Supplied information =>

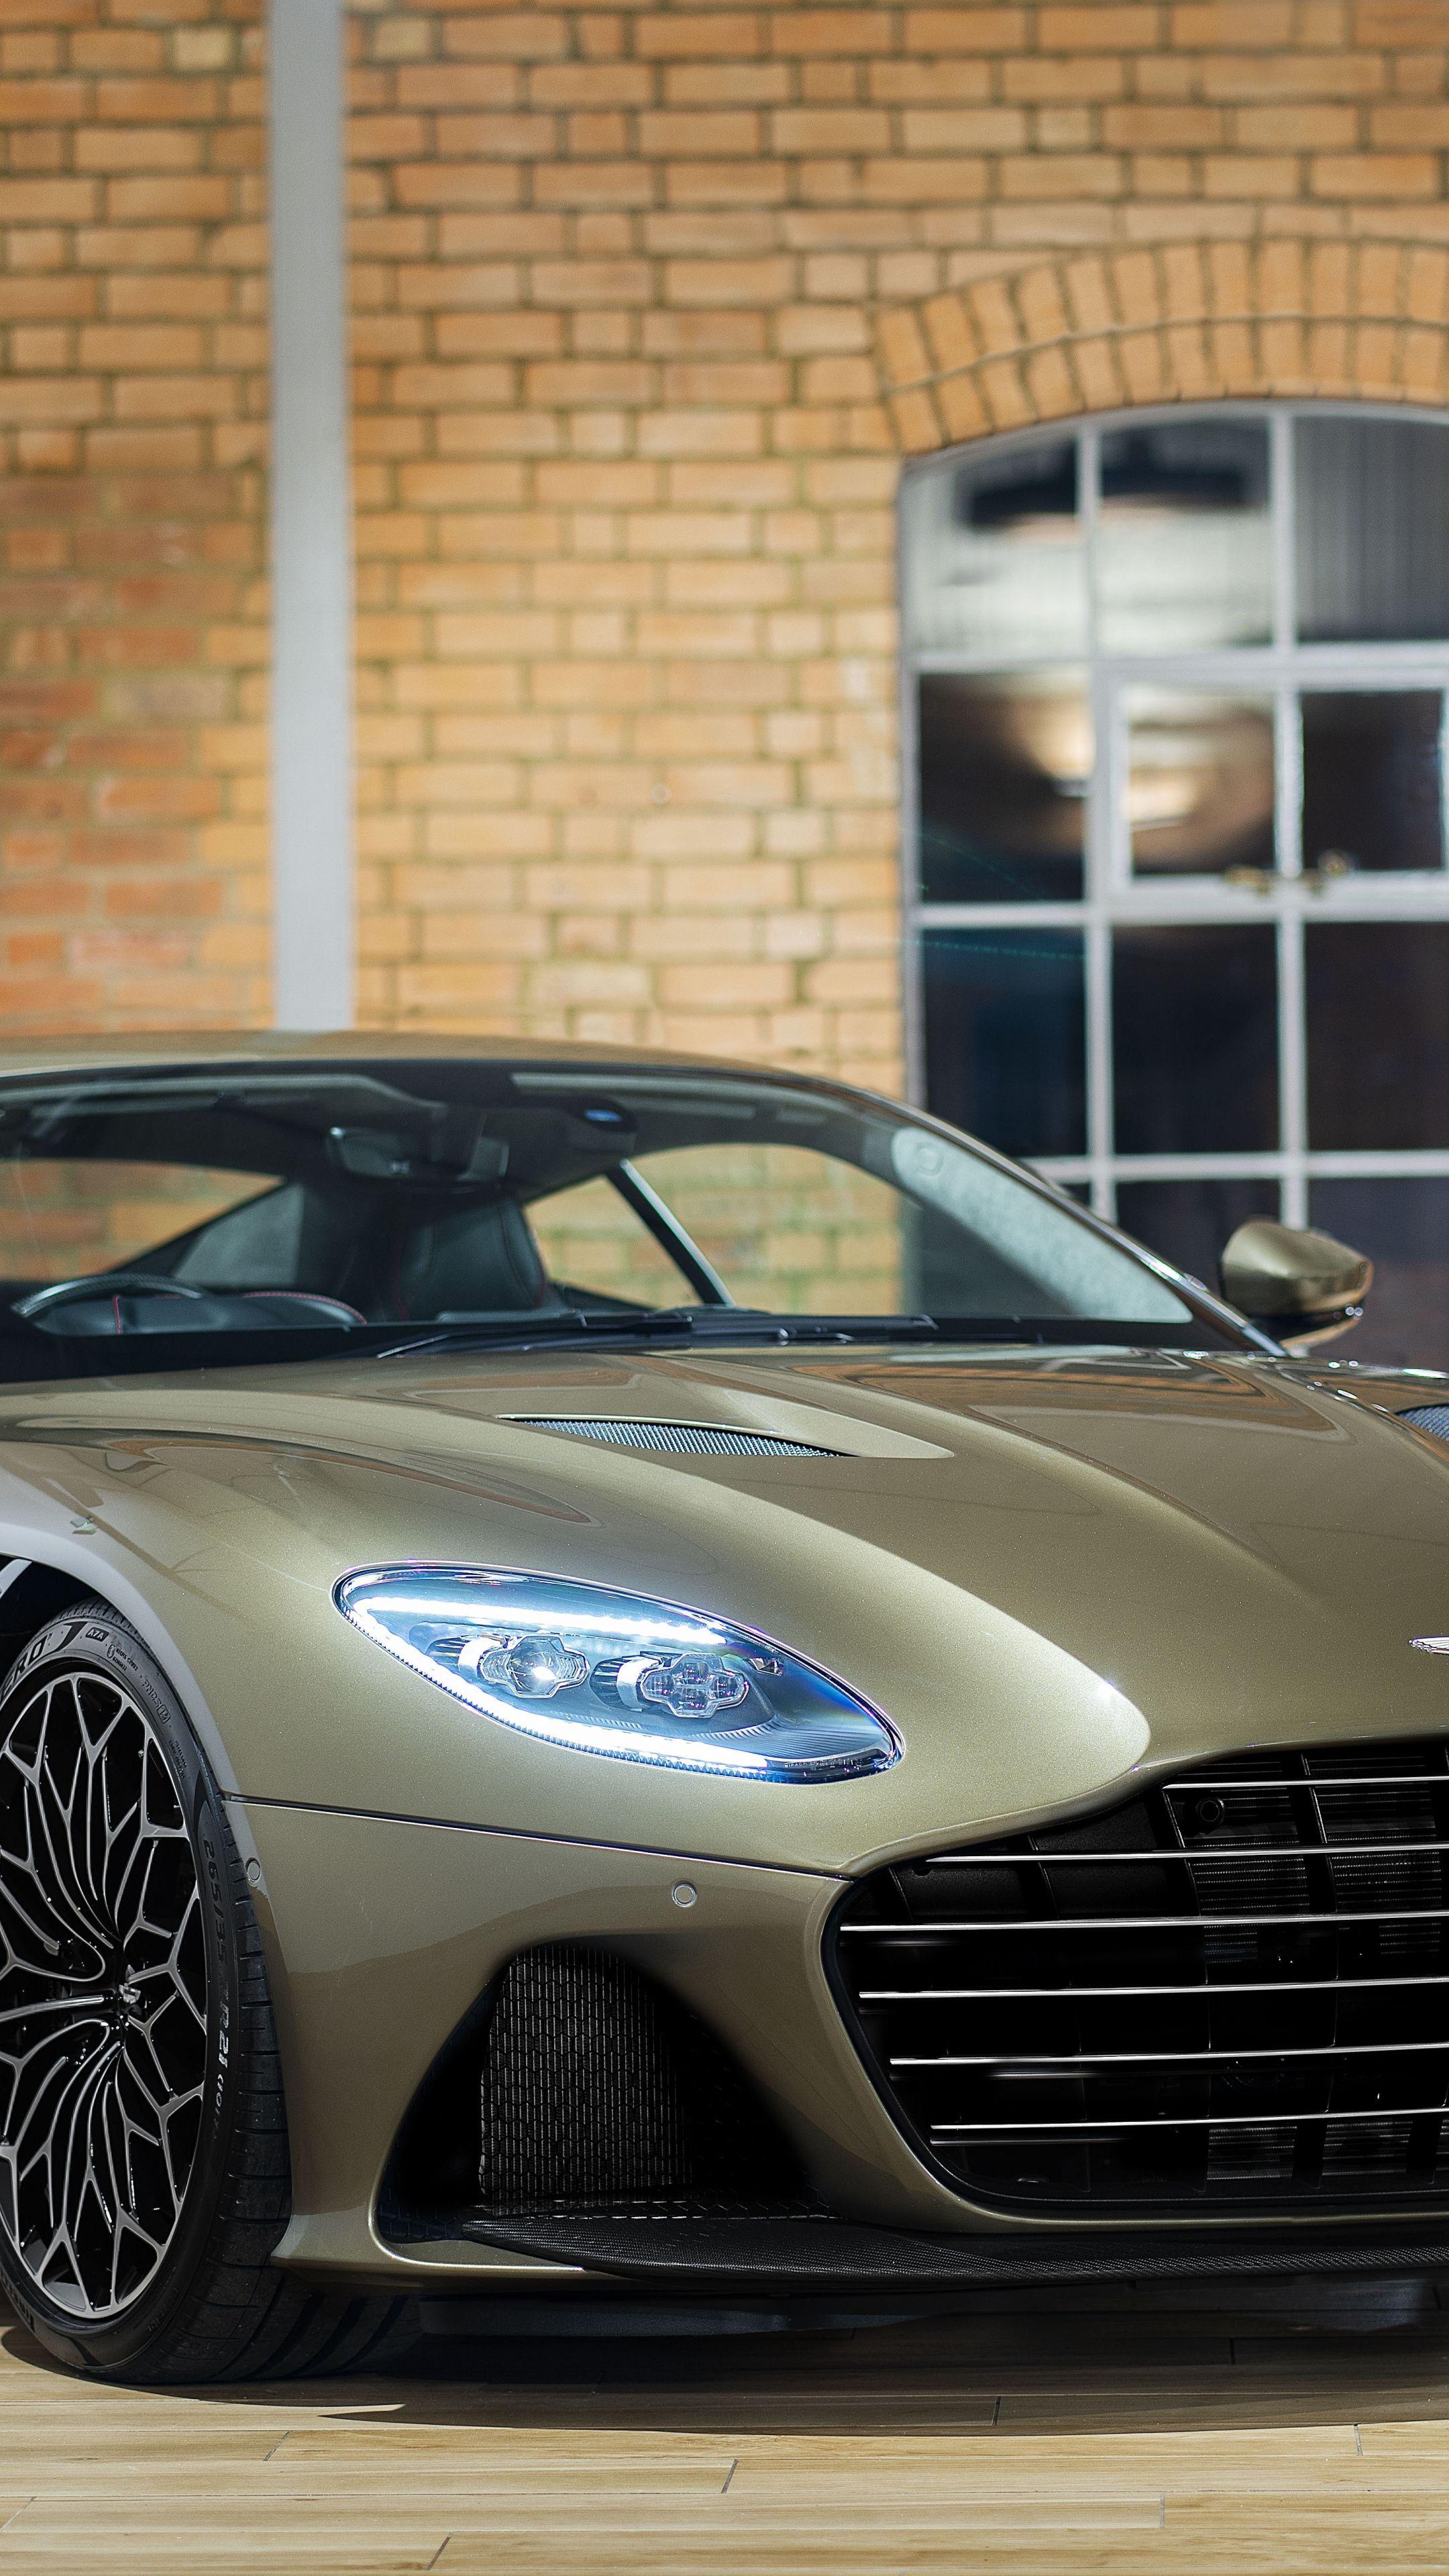 2160x3840 Luxury Car Aston Martin Dbs Superleggera Luxurious Green Wallpaper Aston Martin Dbs Aston Martin Superleggera
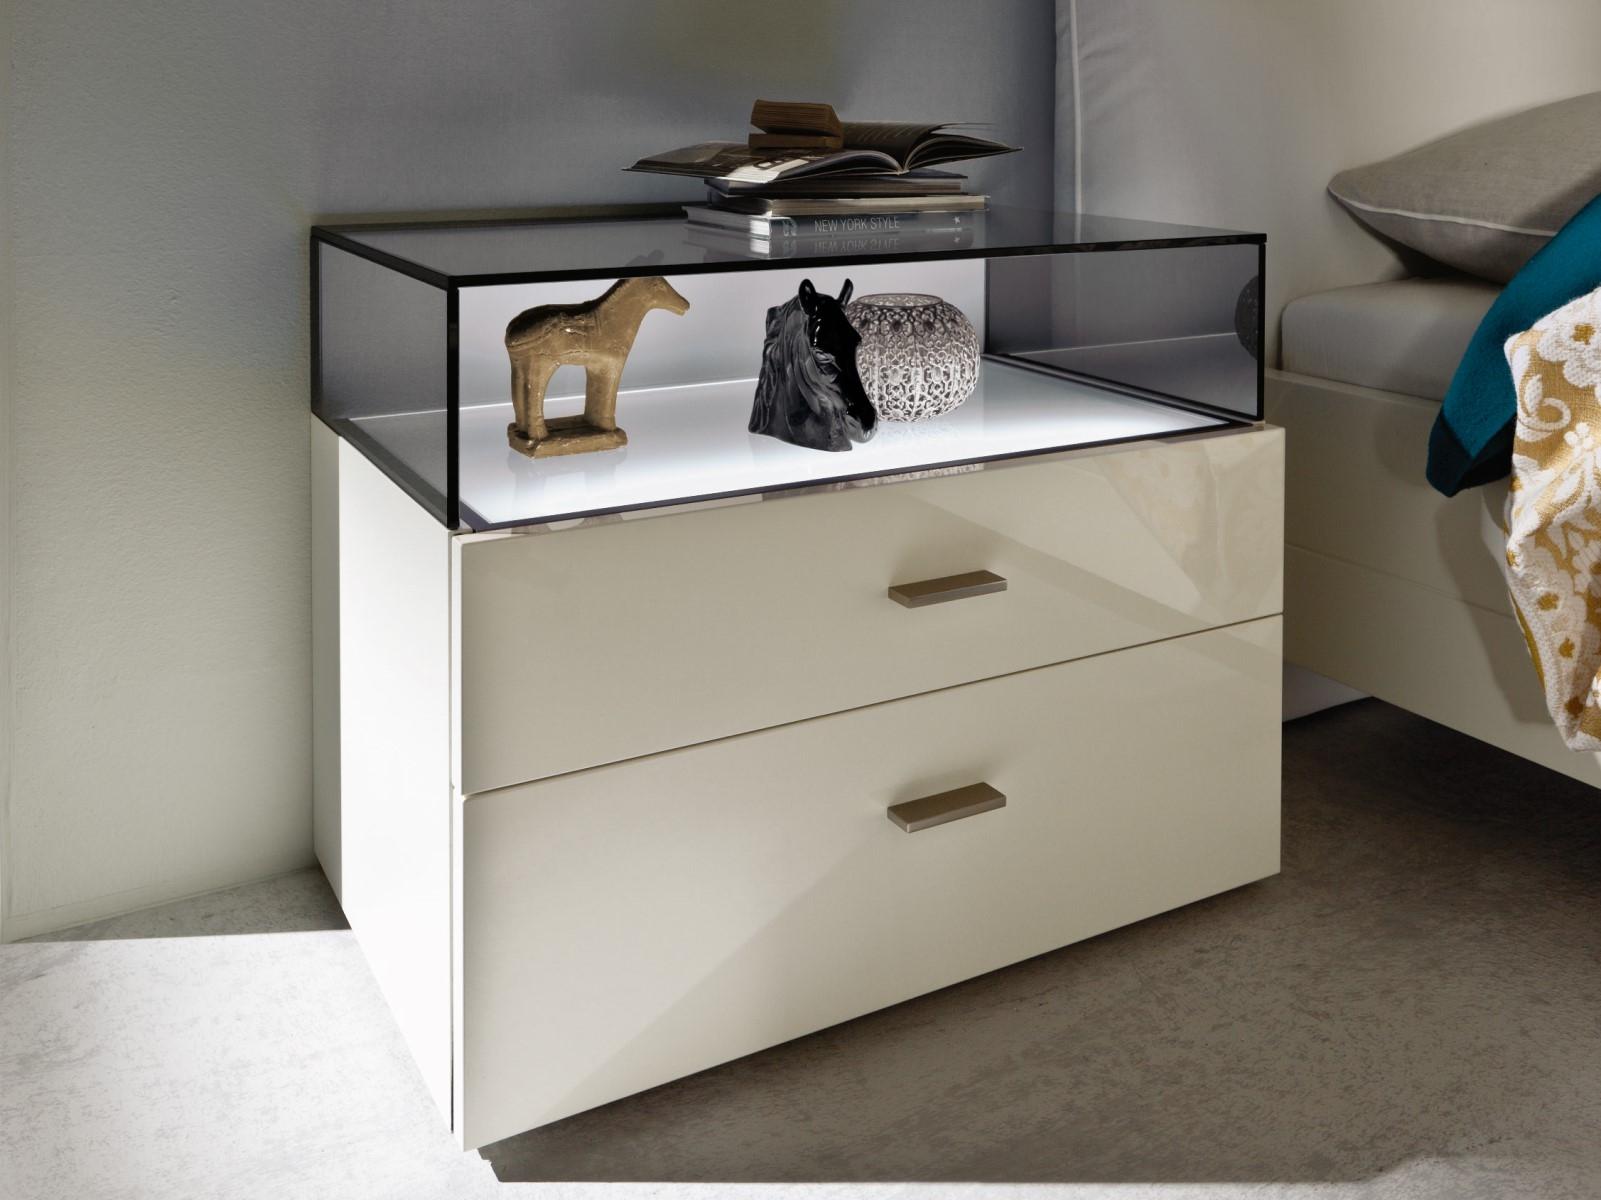 h lsta now jjeliszekr ny veg vitrinnel innoshop innoshop megfizethet design. Black Bedroom Furniture Sets. Home Design Ideas
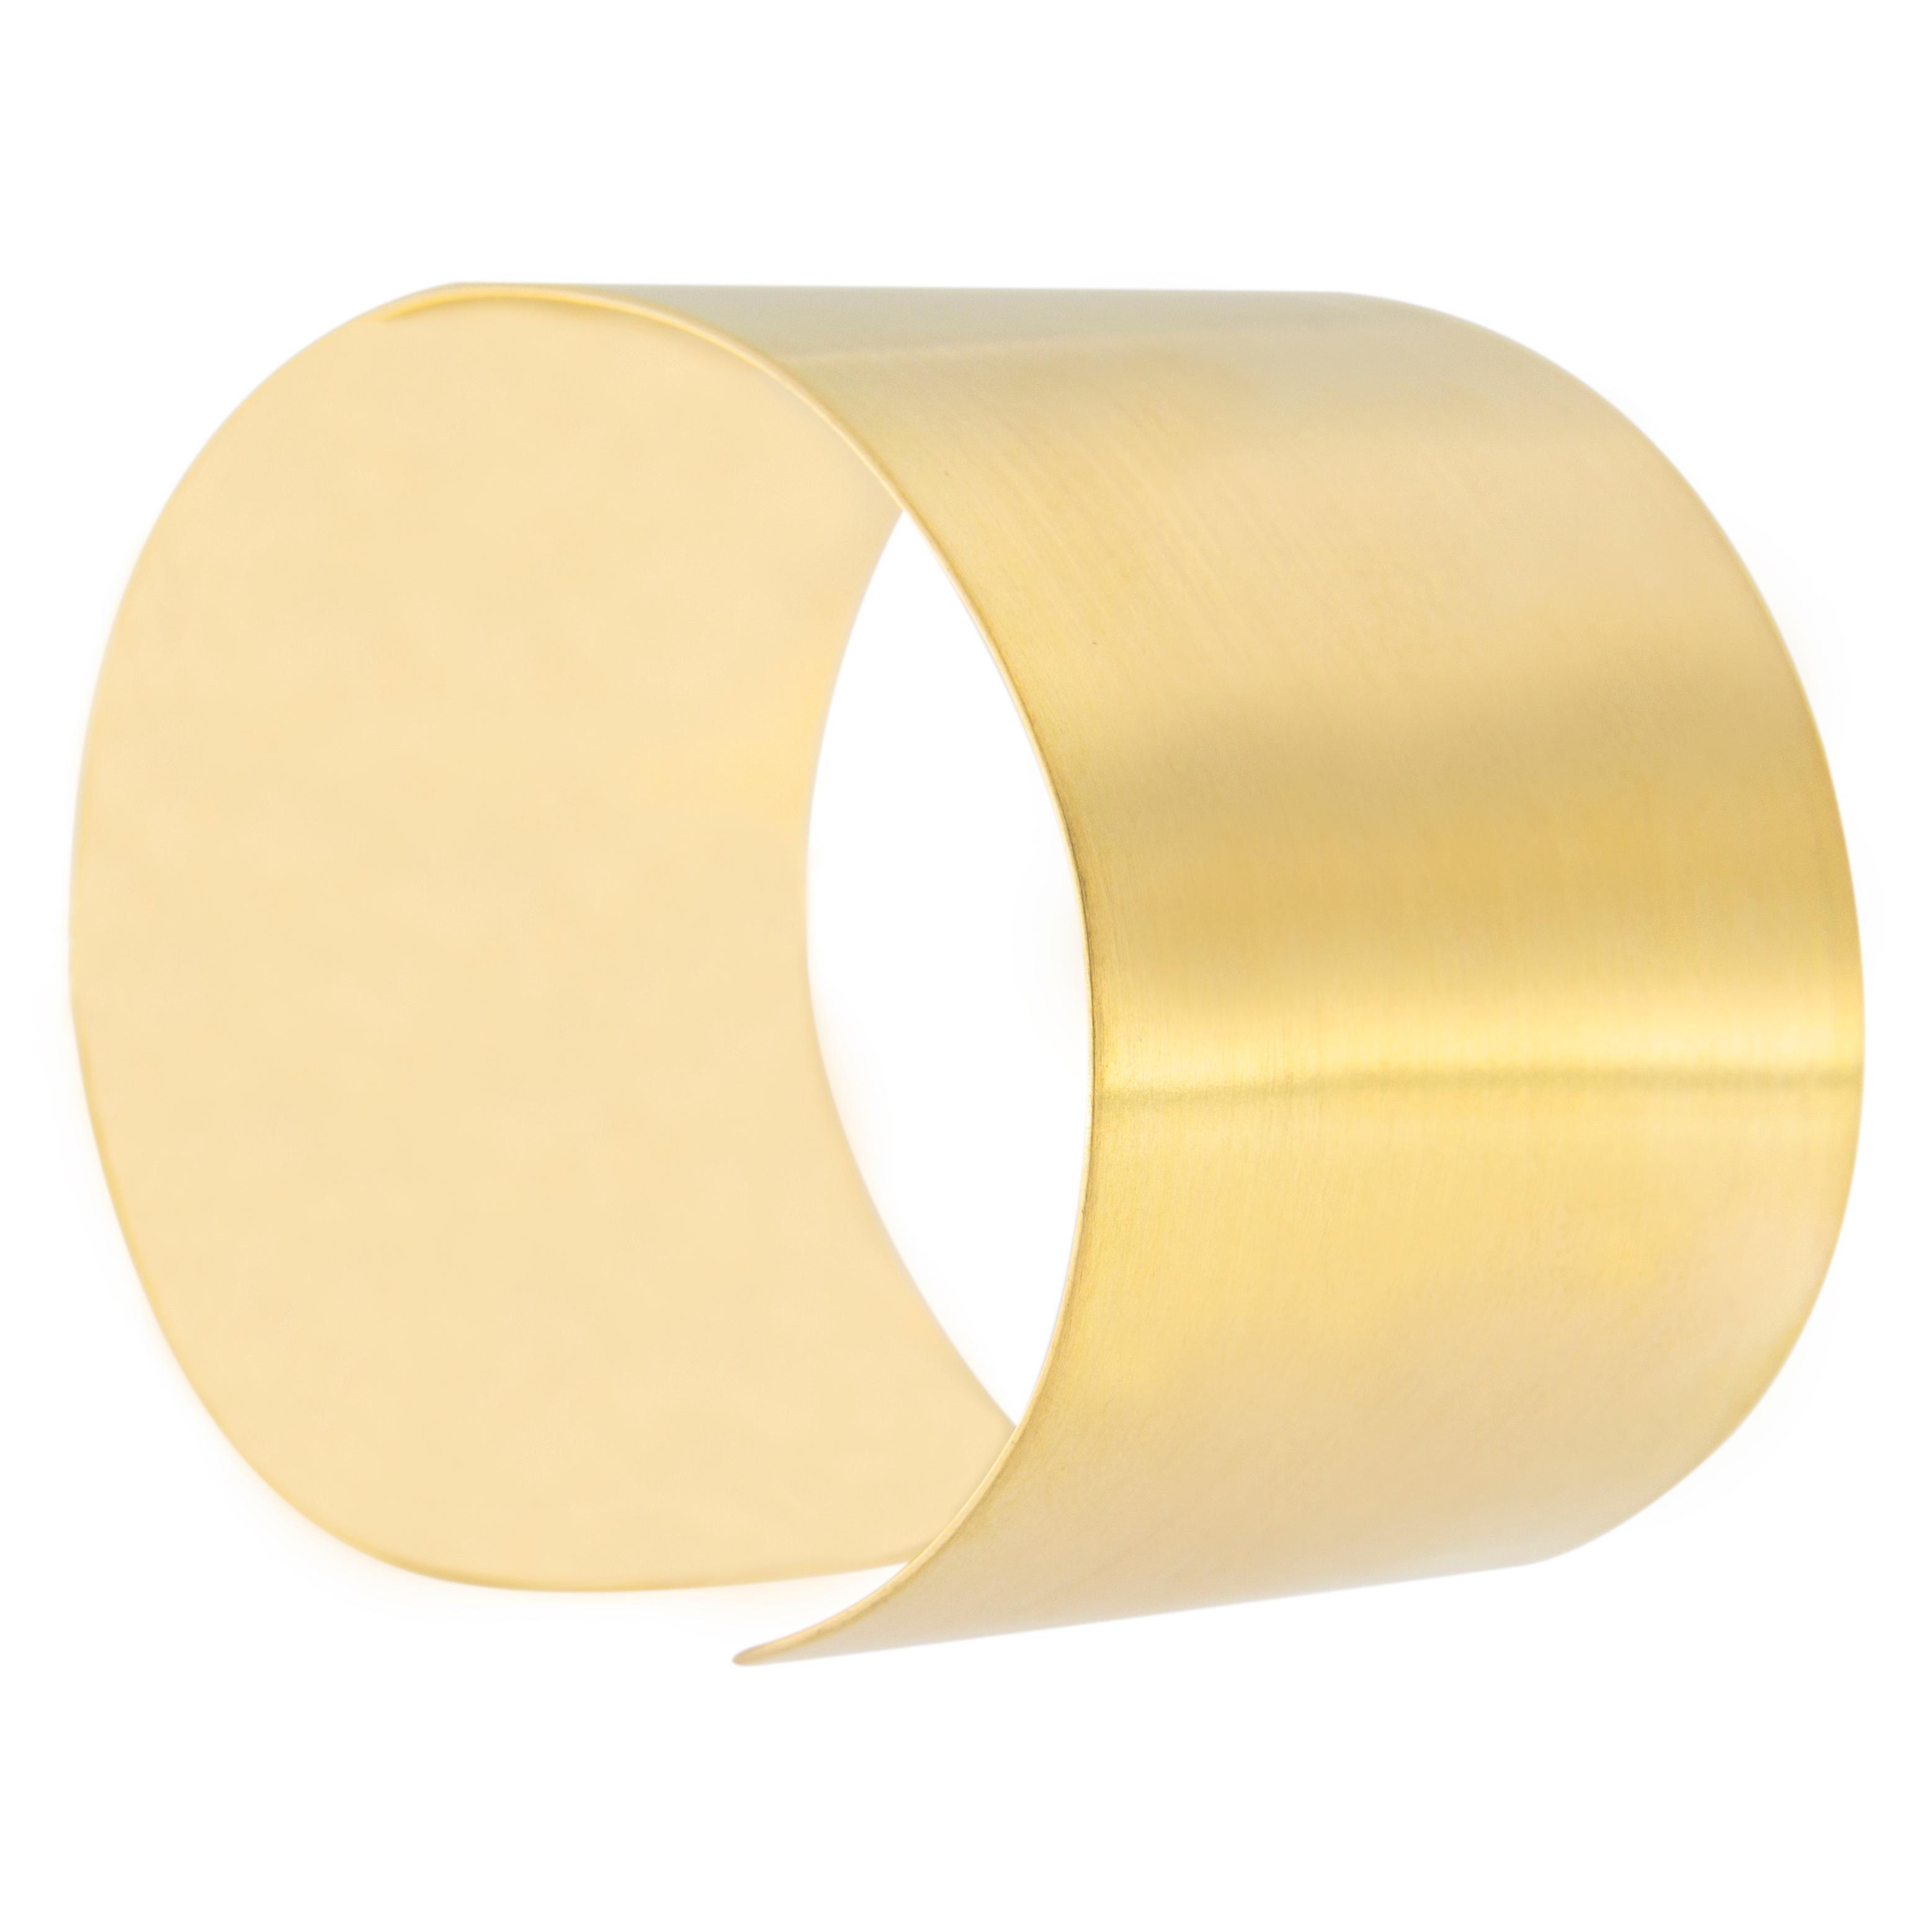 Alex Jona 18 Karat Satin Yellow Gold Cuff Bracelet

Task requirements => Reproduce all of the data exactly; the pictures do not belong in the copy.

Solved exercise =>
 2160x3840 Luxury Car Aston Martin Dbs Superleggera Luxurious Green Wallpaper Aston Martin Dbs Aston Martin Superleggera
 h lsta now jjeliszekr ny veg vitrinnel innoshop innoshop megfizethet design. Black Bedroom Furniture Sets. Home Design Ideas
 Alex Jona 18 Karat Satin Yellow Gold Cuff Bracelet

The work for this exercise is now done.